## [ASSIGNMENT]
Transcribe the data verbatim and drop its images.

## [SOURCE MATERIAL]
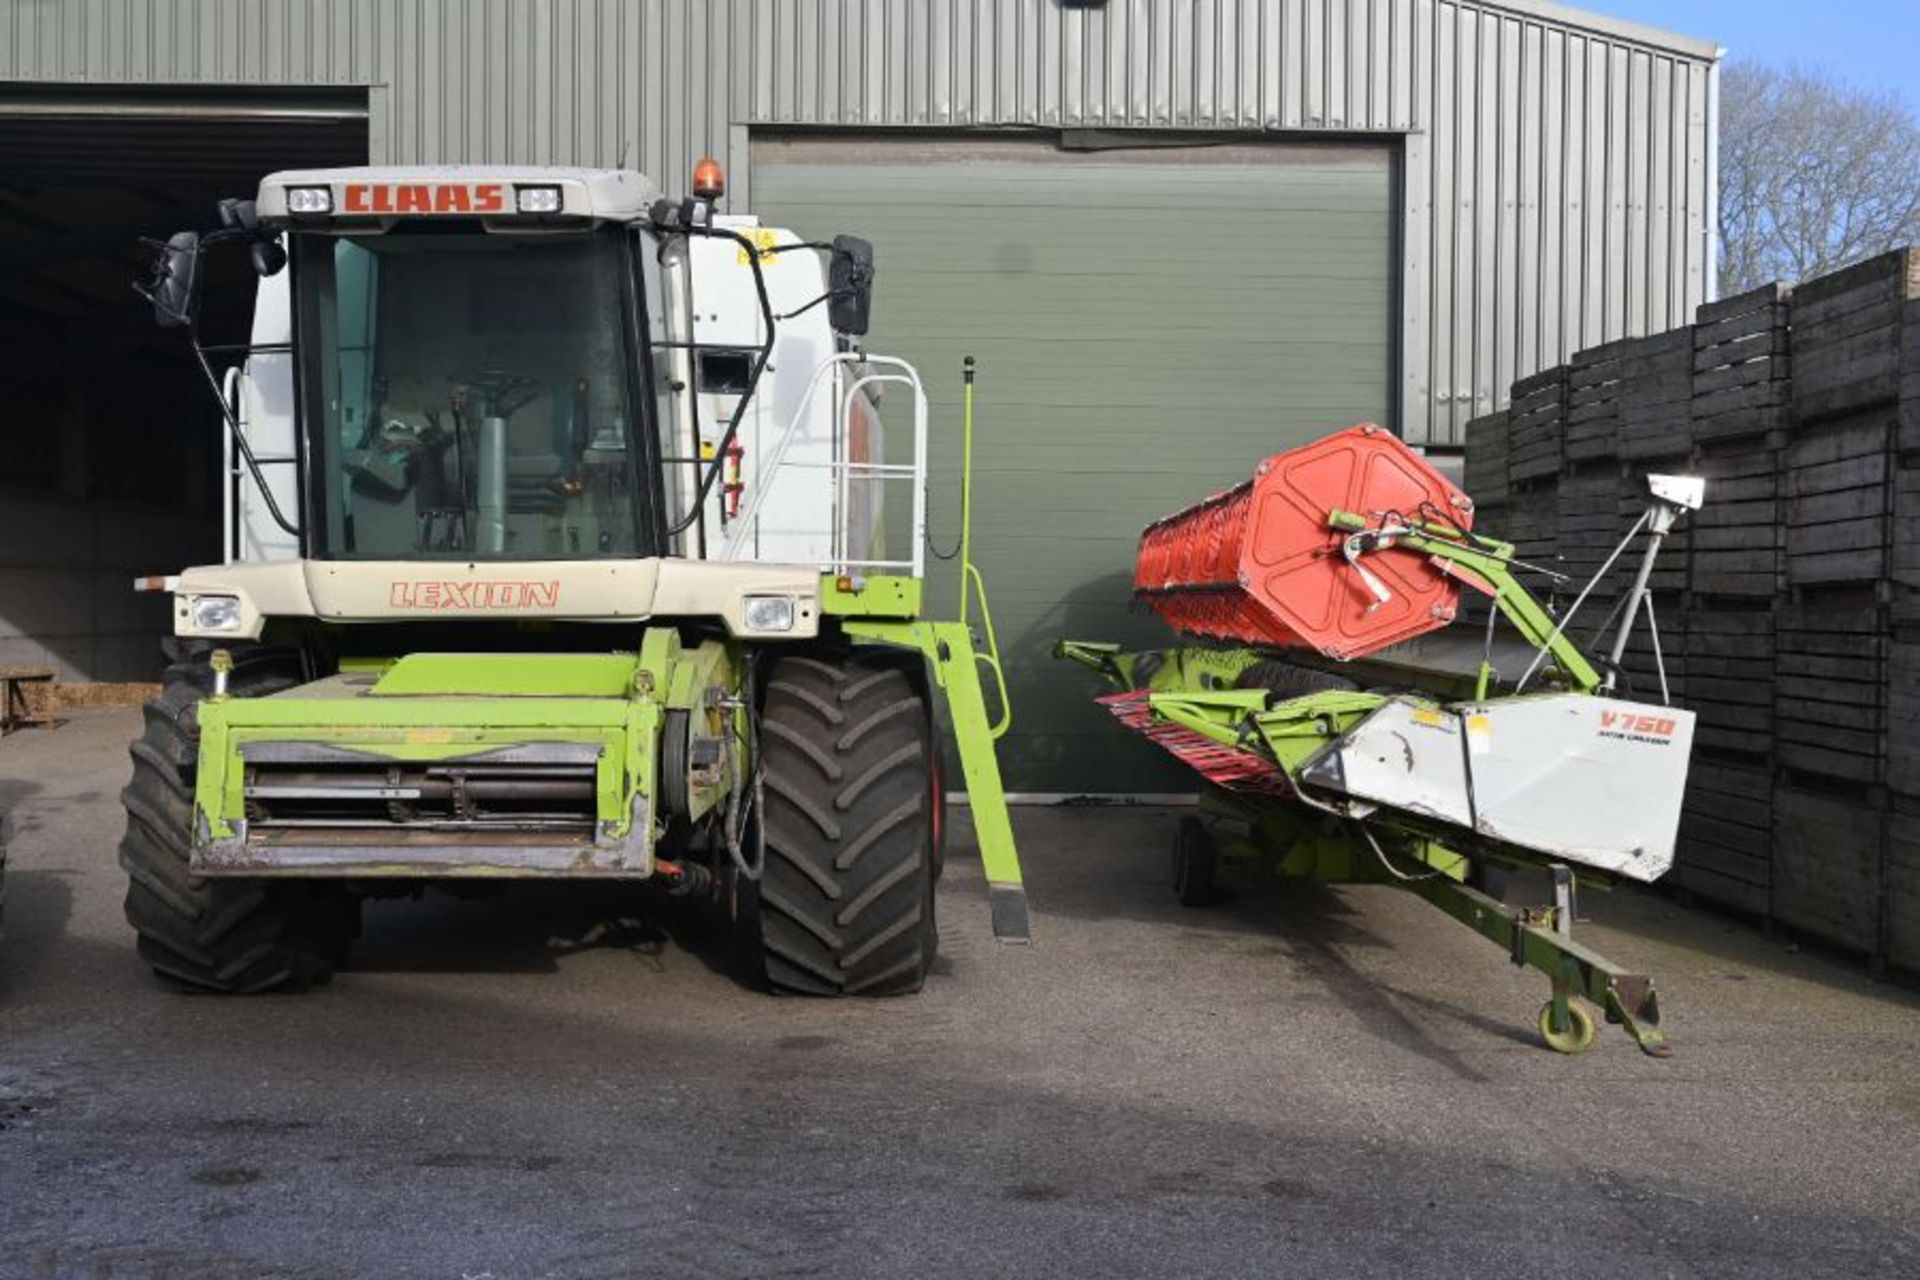 Claas Lexion 480 combine Y383 0DX / 3658 hours with a V750 auto header and header trailer - Bild 9 aus 27
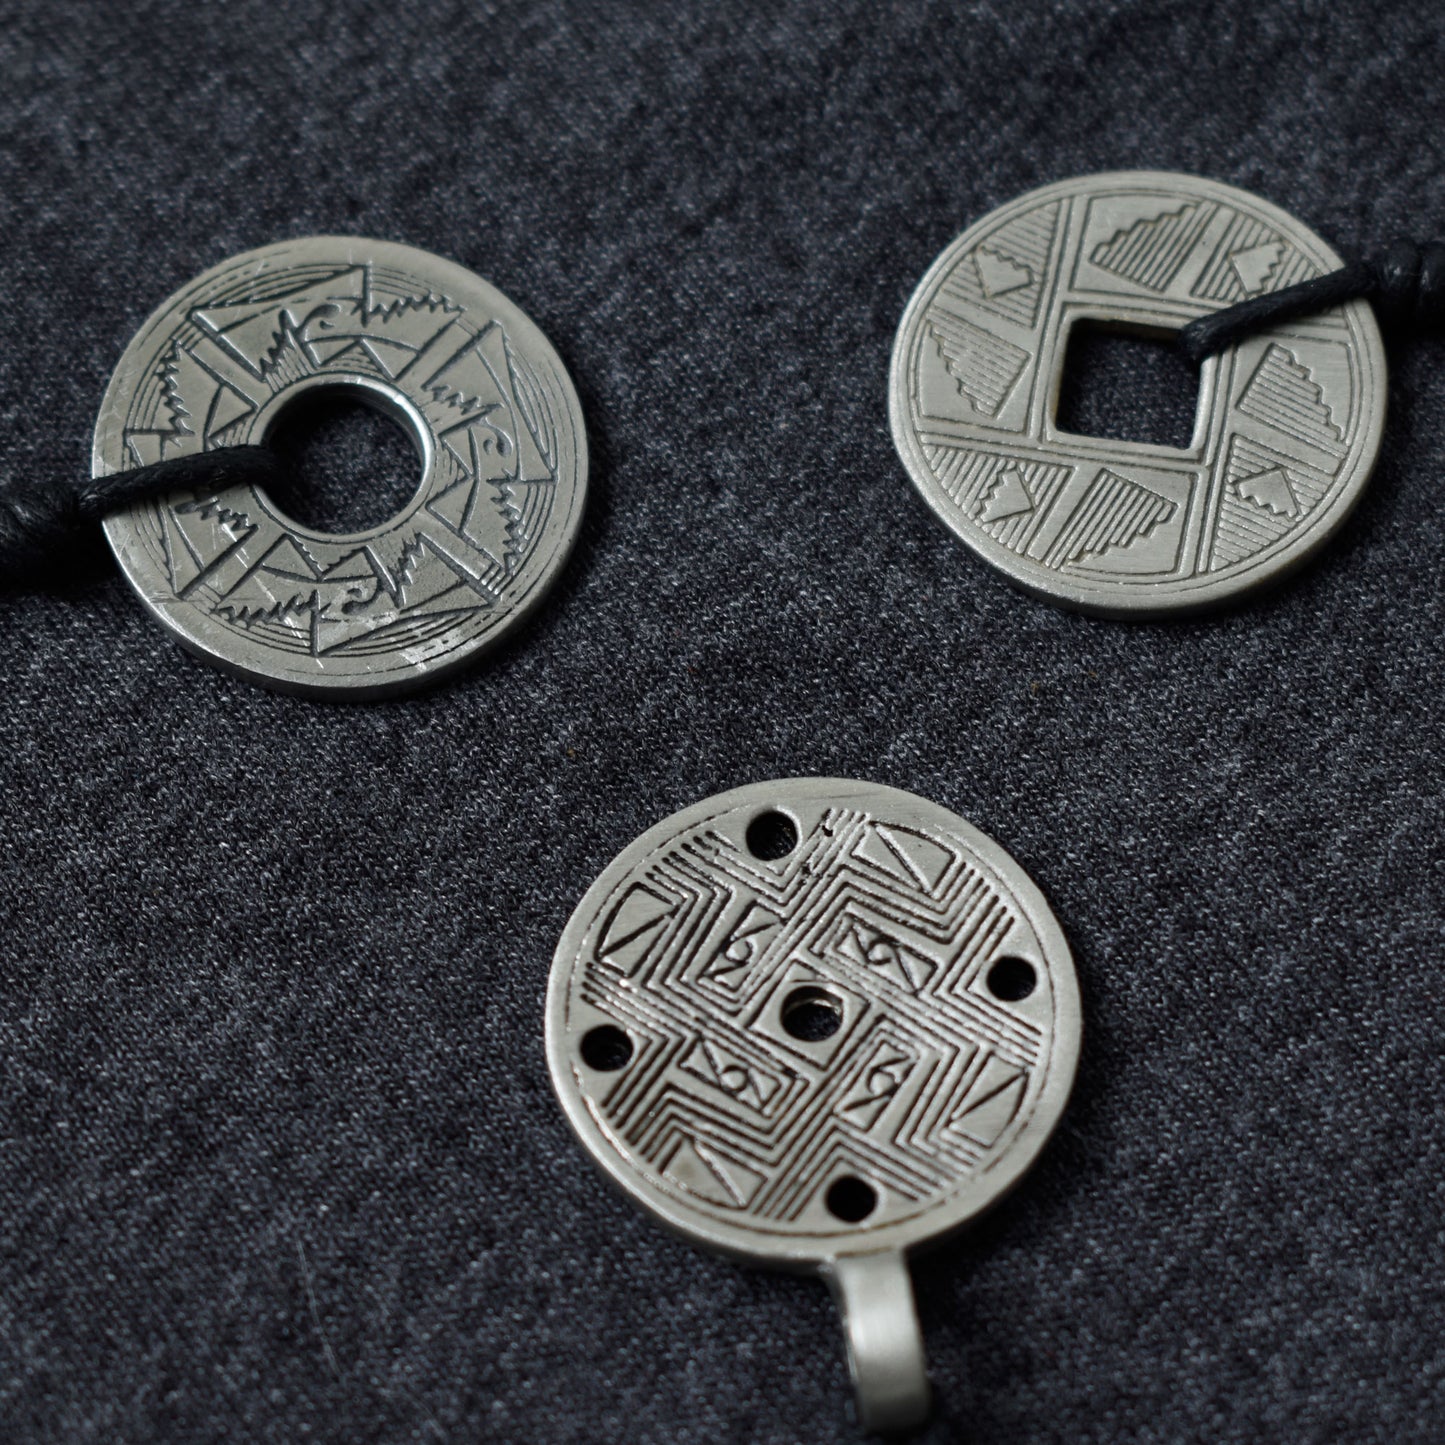 Chinese I Ching Coin Silver Pewter Charm Necklace Pendant Jewelry
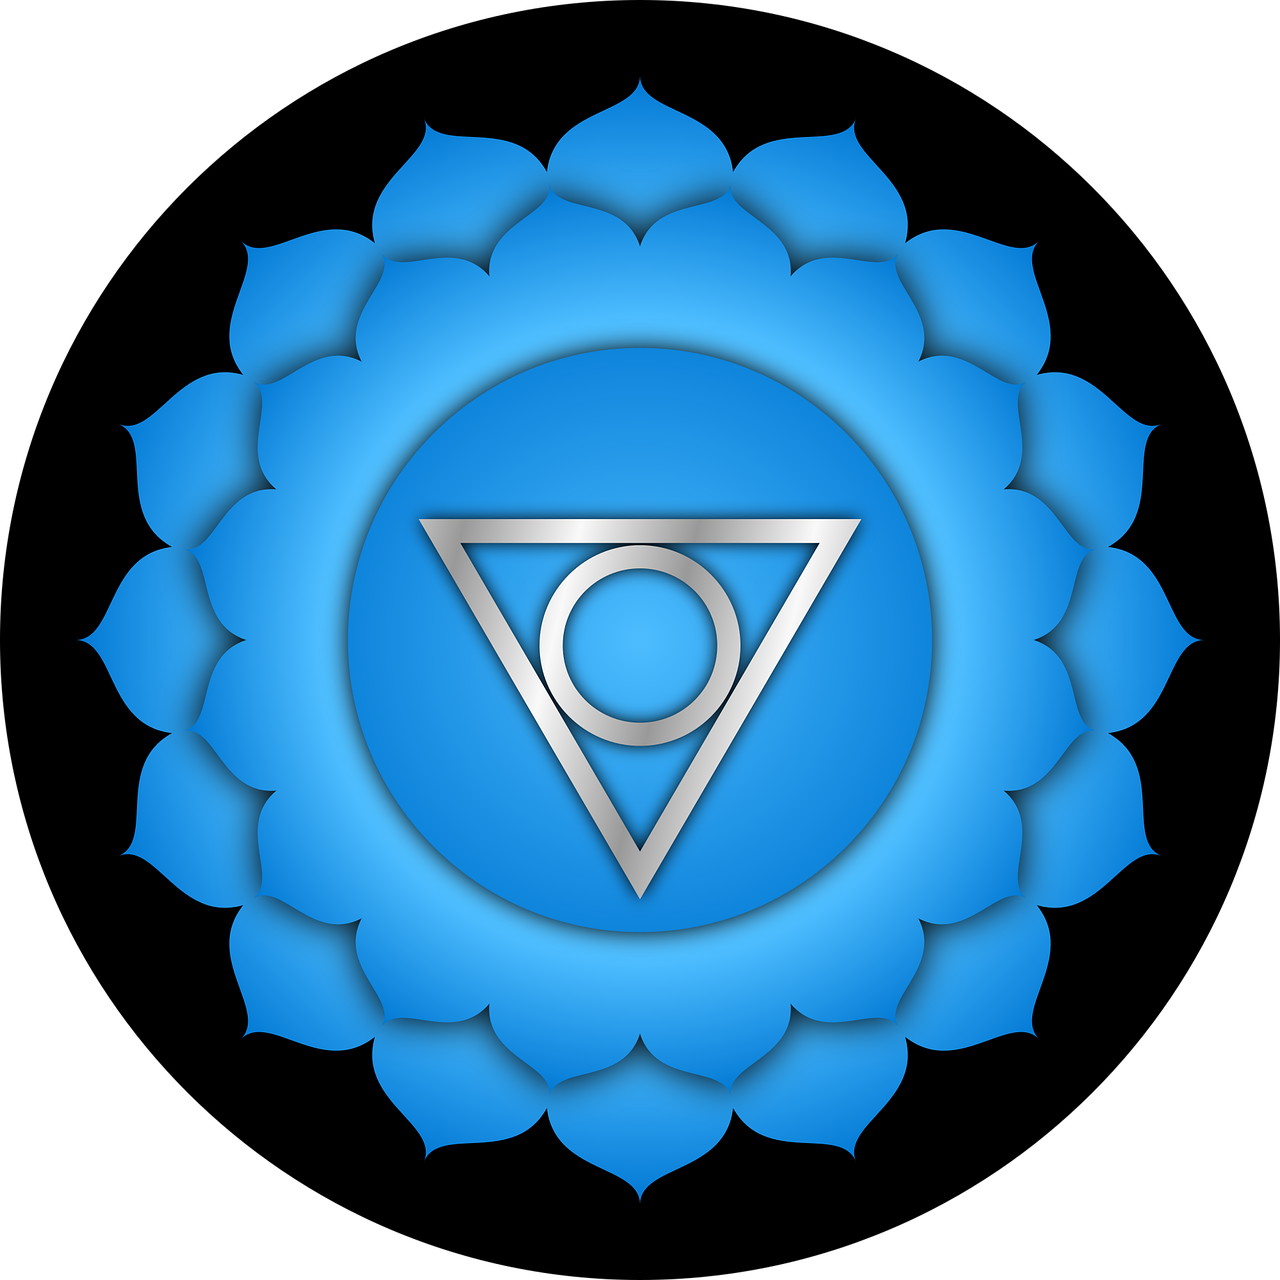 A bright blue symbol with sixteen petals and an inverted triangle with a circle in the middle.
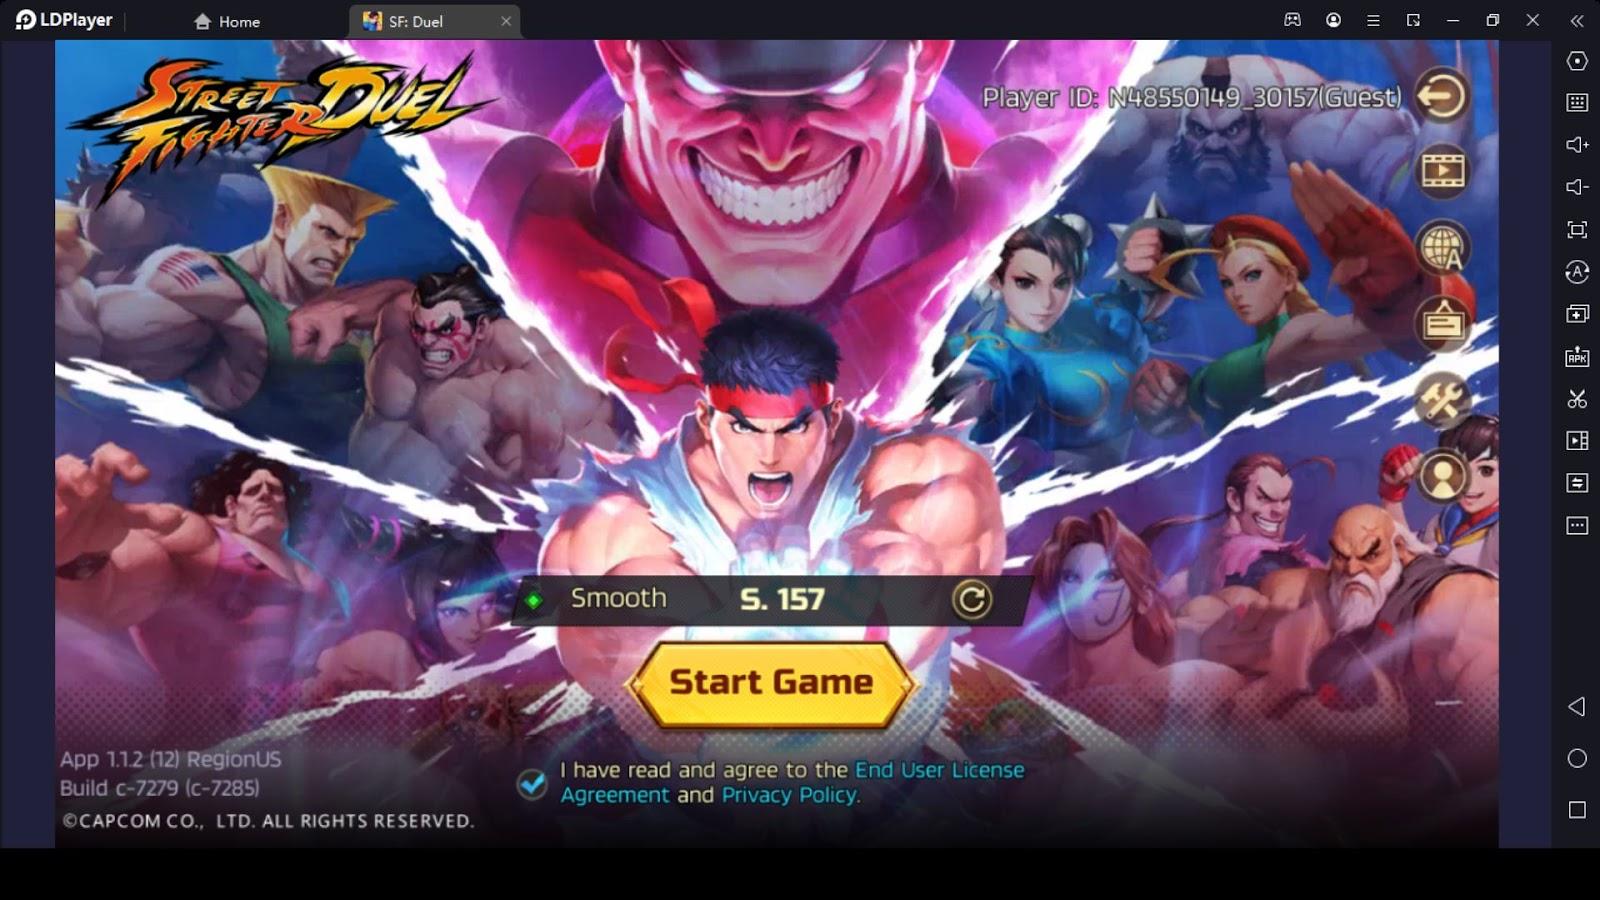 Street Fighter: Duel on the App Store

## [SOLVED EXERCISE]
 Claas Lexion 480 combine Y383 0DX / 3658 hours with a V750 auto header and header trailer - Bild 9 aus 27
 Chinese I Ching Coin Silver Pewter Charm Necklace Pendant Jewelry
 A bright blue symbol with sixteen petals and an inverted triangle with a circle in the middle.
 Street Fighter: Duel on the App Store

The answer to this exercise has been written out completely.